# How to complete this task
Below are entries. Copy exactly the lines running from the line that holds "Turismo en Vigo" to the line that holds "著名导演批评Angela Baby:给陈道明道歉,马上退出娱乐圈", with both ends included.

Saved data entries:

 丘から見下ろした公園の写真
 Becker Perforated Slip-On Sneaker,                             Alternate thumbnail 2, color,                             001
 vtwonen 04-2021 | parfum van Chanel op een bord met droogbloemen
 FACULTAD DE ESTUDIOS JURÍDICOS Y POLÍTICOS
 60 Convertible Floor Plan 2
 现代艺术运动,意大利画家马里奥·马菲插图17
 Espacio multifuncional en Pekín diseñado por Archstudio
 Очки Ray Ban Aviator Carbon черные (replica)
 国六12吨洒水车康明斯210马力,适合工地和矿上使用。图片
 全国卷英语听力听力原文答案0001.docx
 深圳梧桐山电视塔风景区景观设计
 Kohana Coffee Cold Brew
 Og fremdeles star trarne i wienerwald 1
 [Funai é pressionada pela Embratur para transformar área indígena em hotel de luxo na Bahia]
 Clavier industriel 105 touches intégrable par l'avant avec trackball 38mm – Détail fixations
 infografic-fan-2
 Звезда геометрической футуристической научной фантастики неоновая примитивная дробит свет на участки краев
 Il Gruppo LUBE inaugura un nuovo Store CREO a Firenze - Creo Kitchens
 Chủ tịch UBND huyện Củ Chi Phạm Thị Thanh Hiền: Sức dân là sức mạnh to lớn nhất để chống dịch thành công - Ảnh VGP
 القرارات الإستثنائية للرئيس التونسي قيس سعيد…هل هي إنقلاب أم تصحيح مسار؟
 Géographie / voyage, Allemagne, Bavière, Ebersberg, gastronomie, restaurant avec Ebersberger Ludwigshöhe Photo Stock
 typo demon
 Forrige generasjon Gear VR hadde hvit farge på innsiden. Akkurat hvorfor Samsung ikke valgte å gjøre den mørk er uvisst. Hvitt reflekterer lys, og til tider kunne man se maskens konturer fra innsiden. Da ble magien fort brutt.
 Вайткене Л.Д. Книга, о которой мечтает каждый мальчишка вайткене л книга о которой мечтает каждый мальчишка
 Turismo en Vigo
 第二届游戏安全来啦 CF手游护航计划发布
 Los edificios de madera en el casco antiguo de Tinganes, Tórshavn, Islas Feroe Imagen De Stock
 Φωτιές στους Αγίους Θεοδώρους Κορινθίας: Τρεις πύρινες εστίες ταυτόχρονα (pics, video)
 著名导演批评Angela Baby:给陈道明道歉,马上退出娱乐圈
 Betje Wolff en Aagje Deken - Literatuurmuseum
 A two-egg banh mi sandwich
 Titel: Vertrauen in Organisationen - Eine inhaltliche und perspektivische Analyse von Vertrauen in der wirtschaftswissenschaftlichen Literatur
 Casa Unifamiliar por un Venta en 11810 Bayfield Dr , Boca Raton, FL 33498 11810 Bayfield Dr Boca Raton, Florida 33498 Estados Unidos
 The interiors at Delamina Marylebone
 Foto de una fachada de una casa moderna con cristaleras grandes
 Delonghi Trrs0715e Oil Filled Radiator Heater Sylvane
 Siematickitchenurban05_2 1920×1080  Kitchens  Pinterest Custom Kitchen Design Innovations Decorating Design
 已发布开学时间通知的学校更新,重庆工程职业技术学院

# Answer section
 Turismo en Vigo
 第二届游戏安全来啦 CF手游护航计划发布
 Los edificios de madera en el casco antiguo de Tinganes, Tórshavn, Islas Feroe Imagen De Stock
 Φωτιές στους Αγίους Θεοδώρους Κορινθίας: Τρεις πύρινες εστίες ταυτόχρονα (pics, video)
 著名导演批评Angela Baby:给陈道明道歉,马上退出娱乐圈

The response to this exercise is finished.